"I started working at William Morrow as a production assistant. Every week I had to type up a production report. And I didn't really know how to type. I was supposed to file all this stuff - manuscripts, cover art, production galleys, bound galleys, individual pages.
Christopher P. Stephens, Bookman
Chris Stephens has been a book dealer since 1965 - earlier if you count childhood buying and selling.
Stephens has sold major collections to university libraries all over the world. He has operated appealing bookstores in Mt. Carroll, Illinois, Hastings on Hudson, NY and several in NYC, NY. He is a wholesale dealer to other bookstores all over the world.
Chris loves books.
Stephens now maintains a lively internet operation out of his new home in Scranton, PA.
Sunday, August 30, 2009
A Conversation With Patricia Lowy - Graphic Designer & Artist
"I started working at William Morrow as a production assistant. Every week I had to type up a production report. And I didn't really know how to type. I was supposed to file all this stuff - manuscripts, cover art, production galleys, bound galleys, individual pages.

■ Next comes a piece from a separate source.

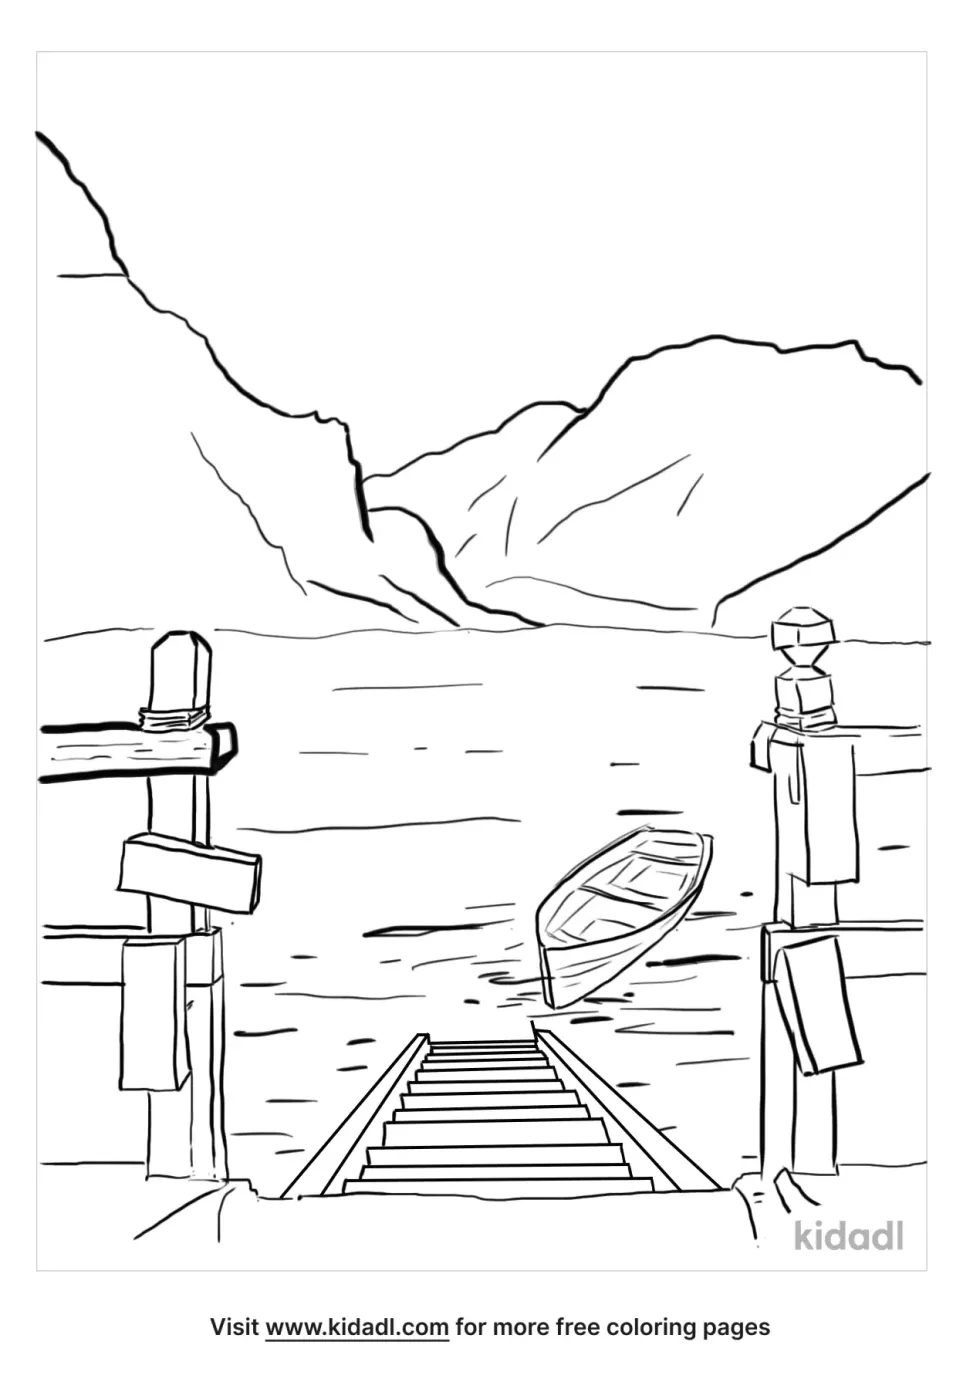 Boat In Lake Coloring Page

"It was totally boring but I had to support myself while I was in school."
Where was she going to school?
"Pratt had a special graduate program in graphic design. All the teachers were professionals in the field, so the courses were conducted in the evenings and weekends. It sounded great but many of these professionals had considerably more talent as artists than as teachers.
"There are professional artists that are also good teachers. They're rare. Milton Glaser is one example. I took a course from him at School of Visual Arts. He's an amazing graphic designer and he's an amazing teacher. A really great teacher. The Pratt program didn't have teachers like that.
"A better opportunity to learn came my way. Cynthia Basil, art director of Morrow Junior Books, took me on. I became her assistant and she taught me everything. She was great.
"Cynthia was quite a character. She chain-smoked Camels. She collected toys - all these old tin toys with moving parts. Her apartment was full of them. She never married. In a way, she never grew up. Maybe you need that Peter Pan characteristic to excel in junior books.
"In publishing, at that time anyway, you had to change publishers to get much of a salary increase. I moved to E.P. Dutton. Riki Levinson was a very talented art director at Dutton. Later I went Harcourt, Brace, Jovanovich. There I designed for adult as well as children's books."
What does designing books without illustrations entail?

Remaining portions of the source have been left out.